Volume is a number that shows the number of contracts that have been bought or sold at a particular point in time. For example, if a buyer buys one futures contract, then the total volume information in this candle is added +1. The candlestick becomes green or red, depending on whether more contracts were sold or bought.The market price changes under the influence of two main factors – supply and demand. For this reason, the analysis of almost any instrument of the futures market is carried out by taking into account the volume of sales and purchases formed during a certain period of time.
The analysis of market volume has a determining value in the process of making transactions in the futures market, because it is possible to determine to what extent the market is interested in a particular price level. This type of analysis assumes the identification of price levels at which the largest number of transactions took place for a particular type of instrument. At such points, usually the highest level of the market participants’ interest in a certain price is formed. If you consider the process in the complex it becomes clear that the market movement occurs from the previous price level to the next one, and in fact – from one large volume to another.
Horizontal volume. Shows the degree of interest of large exchange players in the price, which is at this level.
Vertical volume. Indicates the degree of interest of the players (the number of contracts or deals) for a certain period of time. They are not tied to the price levels.
Horizontal volumes are displayed on the chart as a level scale. You can use them to determine the price near which market participants have made the maximum number of trades. The strongest and most significant level is easy to determine visually. It will be represented by the longest bar.
Horizontal volume allows you to see how the volume accumulates at different price levels. What does it give the trader in fact?
- Understanding of the current market positioning. Thanks to the indicator of horizontal volumes, the trader can see how positions are distributed and where large volumes are accumulated and, as we know, large volumes are often a sign of the presence of large players.
- The ability to find strong levels in the market. Volumes will not consolidate around weak levels. Therefore, the market chart indicator will help to unmistakably determine the strong levels and build your trade around them.
- The ability to find support and resistance zones.
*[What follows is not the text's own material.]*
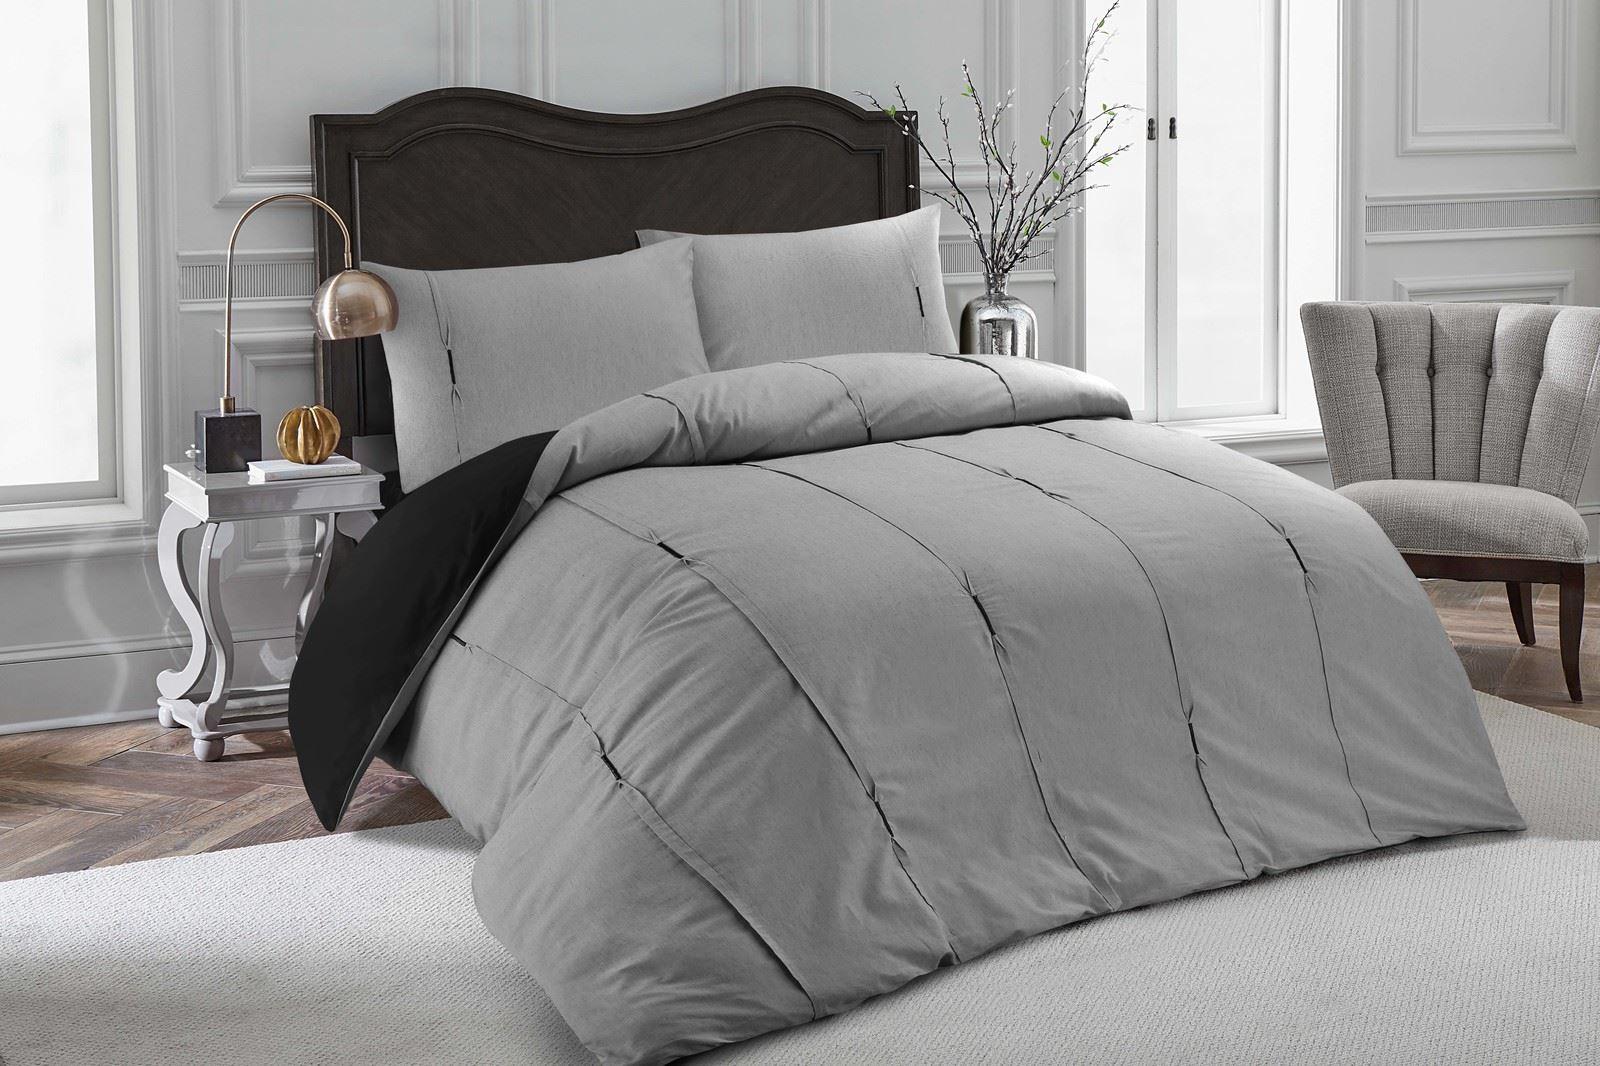 Luxe-Lambert-vertical-Pintuck-plissee-Soft-Couette-Parure-De-Lit-Gris-amp-Noir miniature 5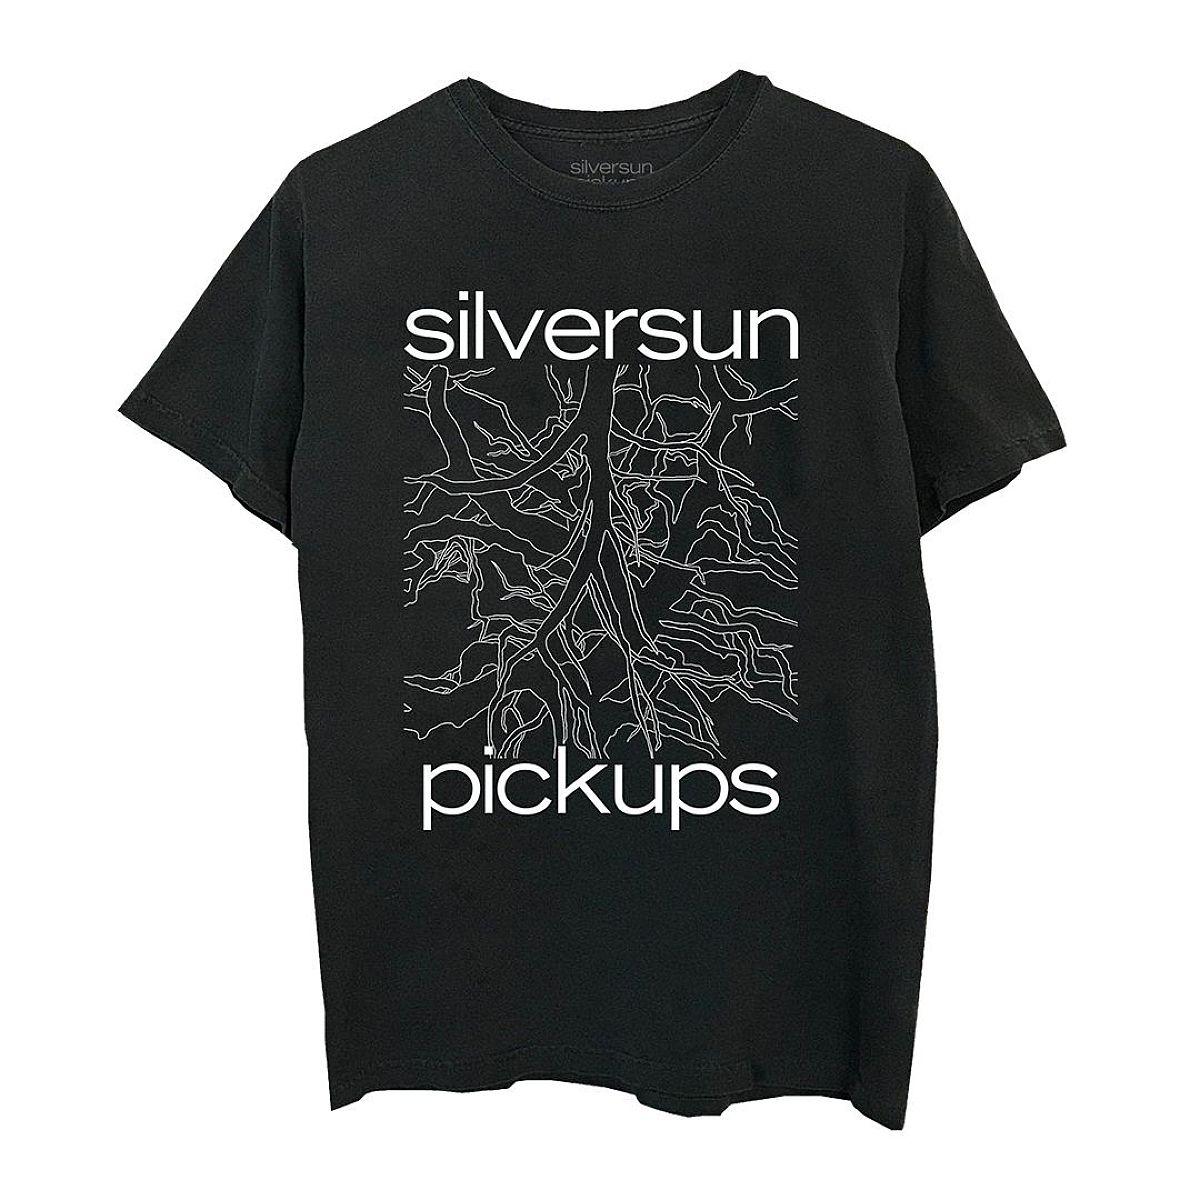 Silversun Pickups Widow's Weeds Black T-Shirt

By guiding the price movement in relation to key points of the market profile a trader will be able to predict the further price movement.
- Accuracy in setting stop-losses. Analysis of horizontal volumes will help the trader to choose the right place for placing the limit orders so they won’t be thrown by a random movement.
- Accuracy of choice of a moment to enter the market. The analysis of the market profile helps to filter out the weak levels and to catch a powerful price movement at its beginning.
Obviously, the analysis of horizontal volumes can give a trader a lot of useful information for his or her trading. But to be really so, it is necessary to understand the principles of horizontal volume formation and understand how to apply them in practice.
Vertical volume is an indicator that allows you to see the strength/weakness of the movement, trend reversal points, as well as price behavior in certain market phases.
Using the vertical volume, the user can comprehensively analyze the behavior of the trend. To do this, you just need to know two very important rules:
If there is a high volume figure in the market, then you can expect a prolonged and powerful price movement in the corresponding direction. As mentioned above, this is due to the fact that the value is directly related to the amount of finances “poured in” by large users into one or another direction for the movement of the selected asset;
However, if there is a strong movement of the price line, which is not supported by commensurate trading volumes, you should expect a rapid change in the direction in which the value is moving.
Attentive traders may have a question: how the price moves in a certain direction, provided that the market does not have the appropriate vertical volume. This phenomenon can be very easily explained in a real-life situation. For example, when driving a car, the driver keeps his foot on the gas pedal for a while so that the car picks up speed. However, after the driver releases the pedal, the car will still continue to move and will not stop until some time later.
This phenomenon is called inertia and does not only apply in physics. Value is quite inert to the volume moving it. That is, if the vertical volume is high in the market, the price line will move in the appropriate direction for some time. However, it will not stop after the driving force fades, moving the same way for some time. Using this pattern, the user can identify potential reversal points of the market trend.
The volume is the basis for the movement; a trend cannot start without a large volume injection into it. If market participants are not interested in the movement, they will stop pouring volume into it and, accordingly, the movement will get weaker and outlive itself.